Expression patterns of OsPLATZ genes. (A) Expression patterns of OsPLATZs in different tissues analyzed using Plant Public RNA-seq data. The OsPLATZ genes are located on the right, and the tissues are at the bottom of each column. The color scale represents expression levels: red represents higher and white represents lower. The data values are shown as log₂ (FPKM). (B) qRT-PCR of OsPLATZs in different tissues and stages.

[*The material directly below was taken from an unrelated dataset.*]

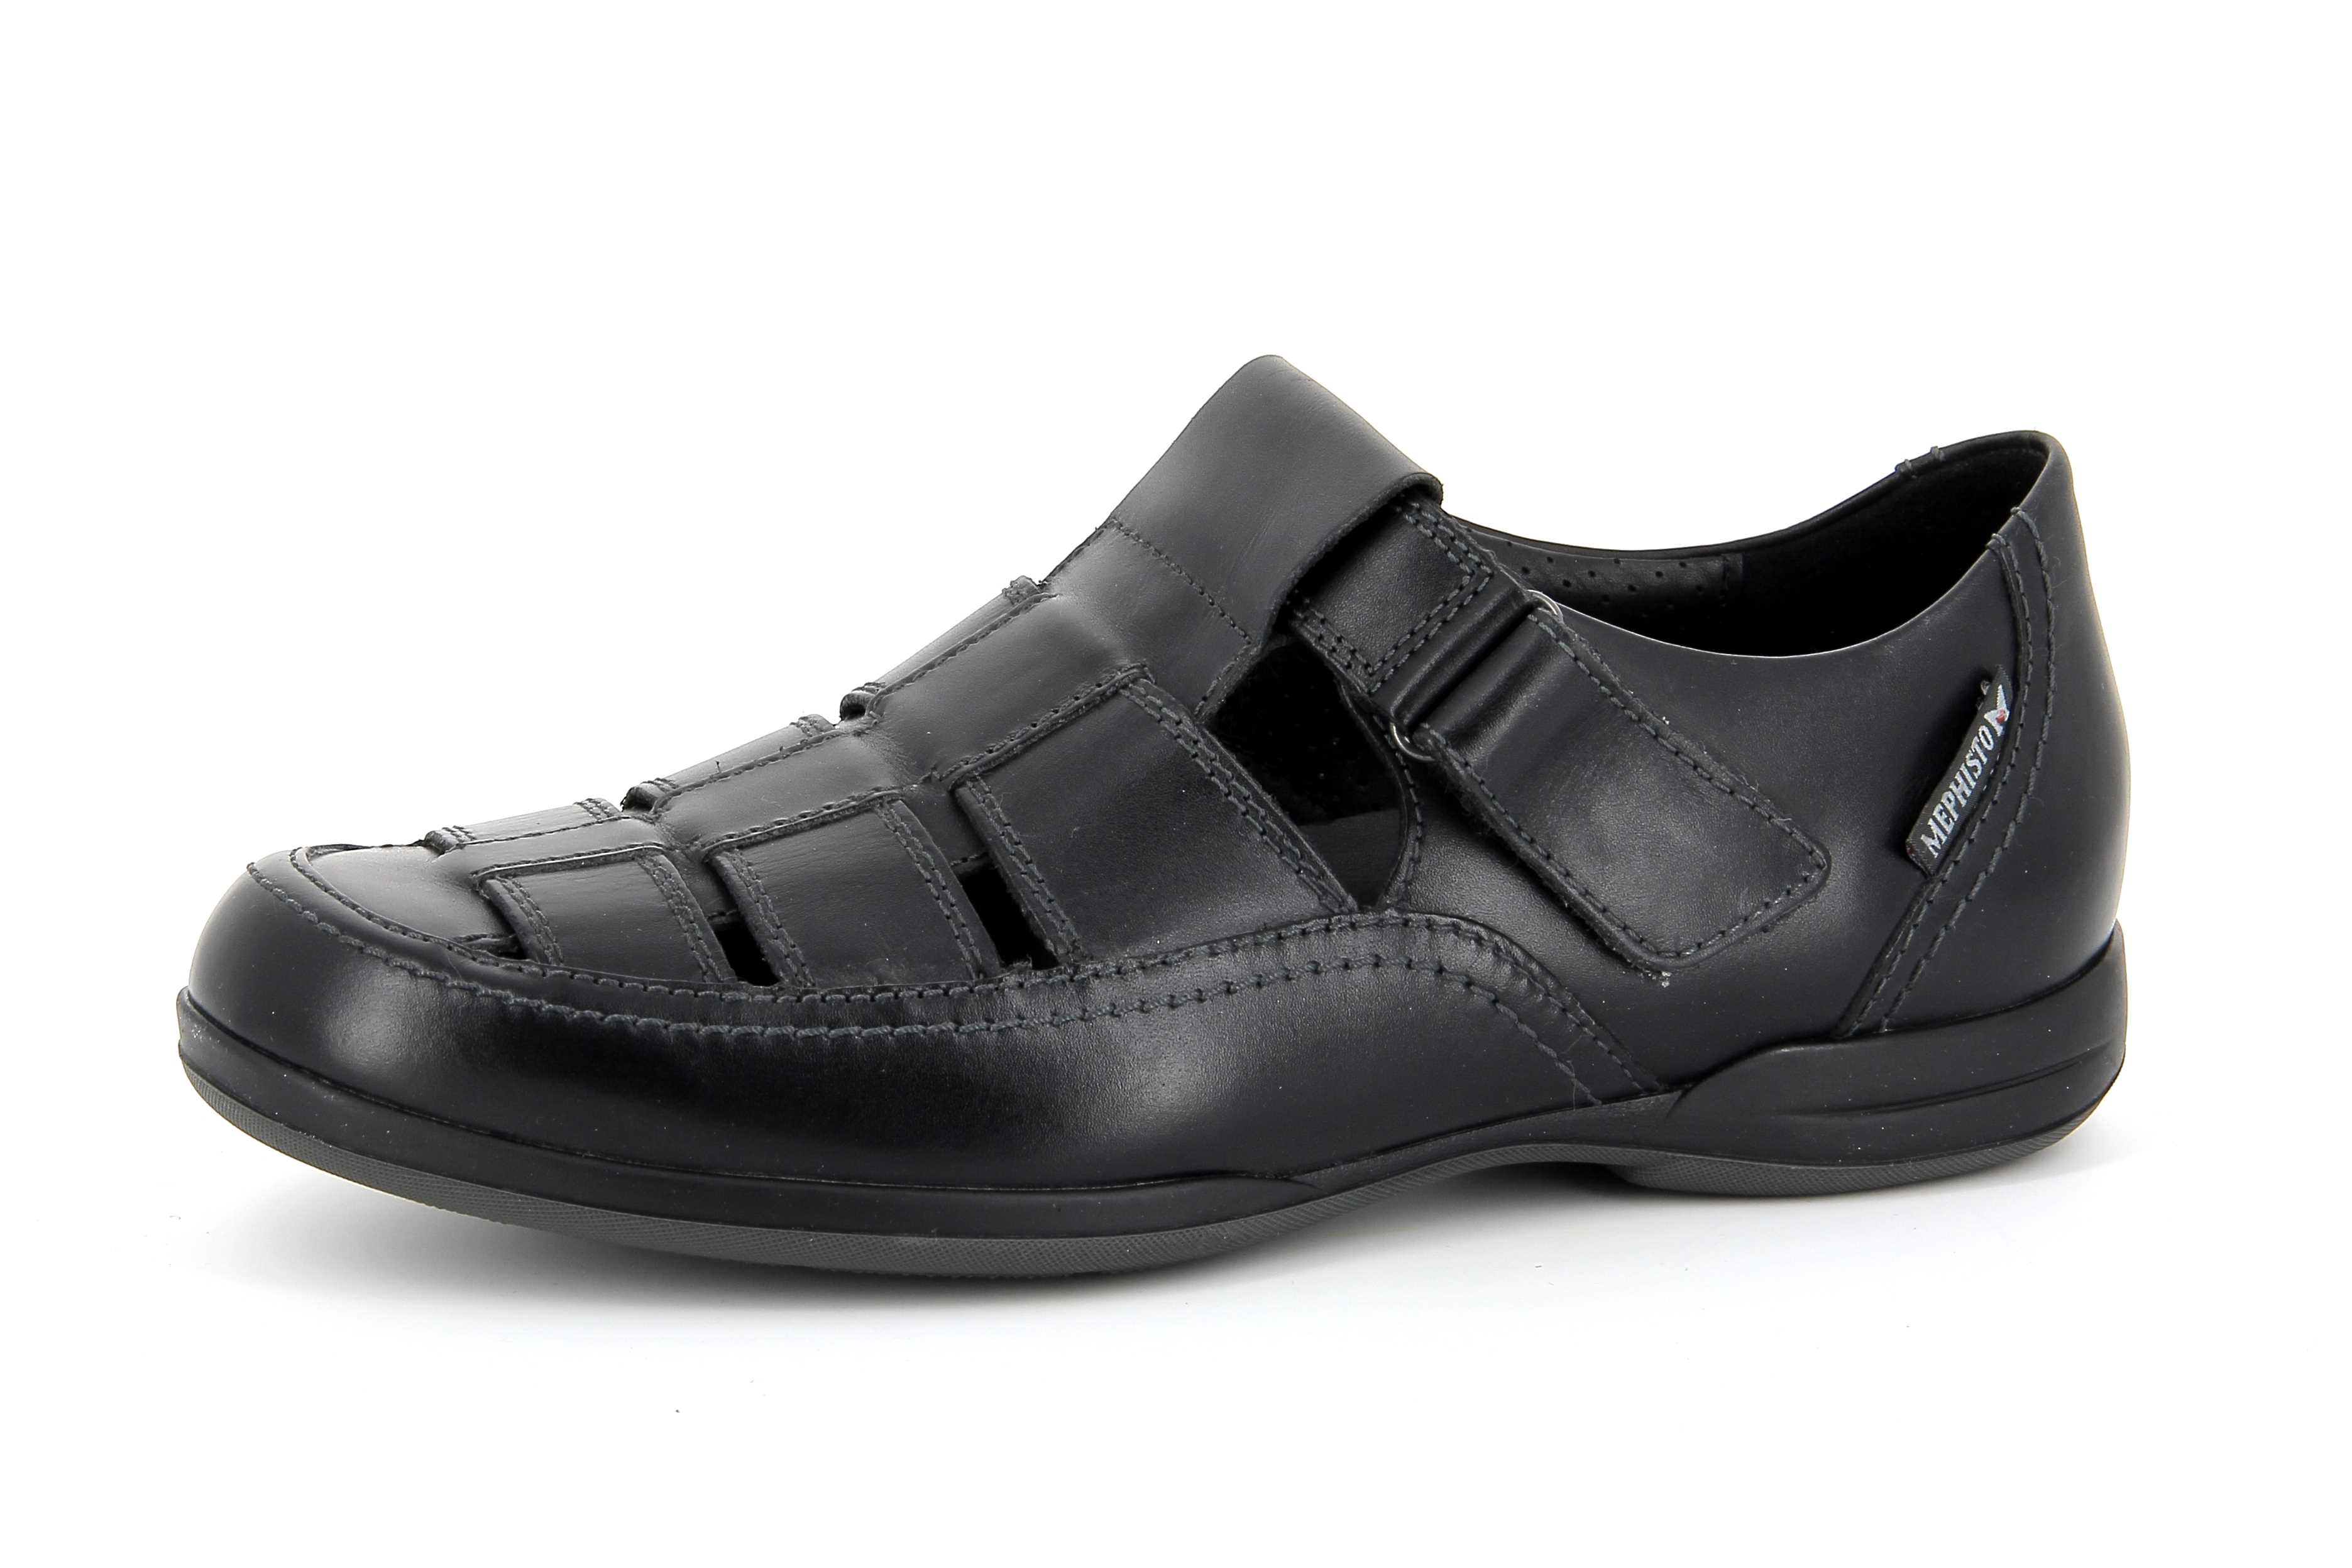 mephisto shop chaussures confortables velcro homme mod le rafael. Black Bedroom Furniture Sets. Home Design Ideas

R, root; S, stem; L, leaf; P, 3-6 cm panicle; O, ovary; A, anther; C, caryopsis; DAP, day after pollination.

Figure 8

Subcellular localization of OsPLATZs in rice protoplasts. pUbi::nGFP as control, H2B-mCherry fusion protein as a nuclear localization marker. GFP, green fluorescence of fusion proteins; mCherry, monomeric cherry fluorescent protein; Merged, merged microscopic images. Scale bars = 10 μm.

Figure 9

Phenotypic analyses of OsPLATZ1 knockout mutants. (A) Mature caryopses of ZH11, osplatz1-1, and osplatz1-2. Bars = 5 mm. (B) Surface views of cracked mature caryopses from ZH11, osplatz1-1, and osplatz1-2. Bars = 1 mm. (C) Chalky caryopses percentage of ZH11, osplatz1-1, and osplatz1-2 were quantified. n = 30, ** p < 0.01. (D) Statistical analysis of caryopses length, width, and thickness of ZH11, osplatz1-1, and osplatz1-2. n = 30, ** p < 0.01. ns, not significant. (E) Comparisons of 10-caryopses length, width, and thickness of ZH11, osplatz1-1, and osplatz1-2. Bars = 5 mm.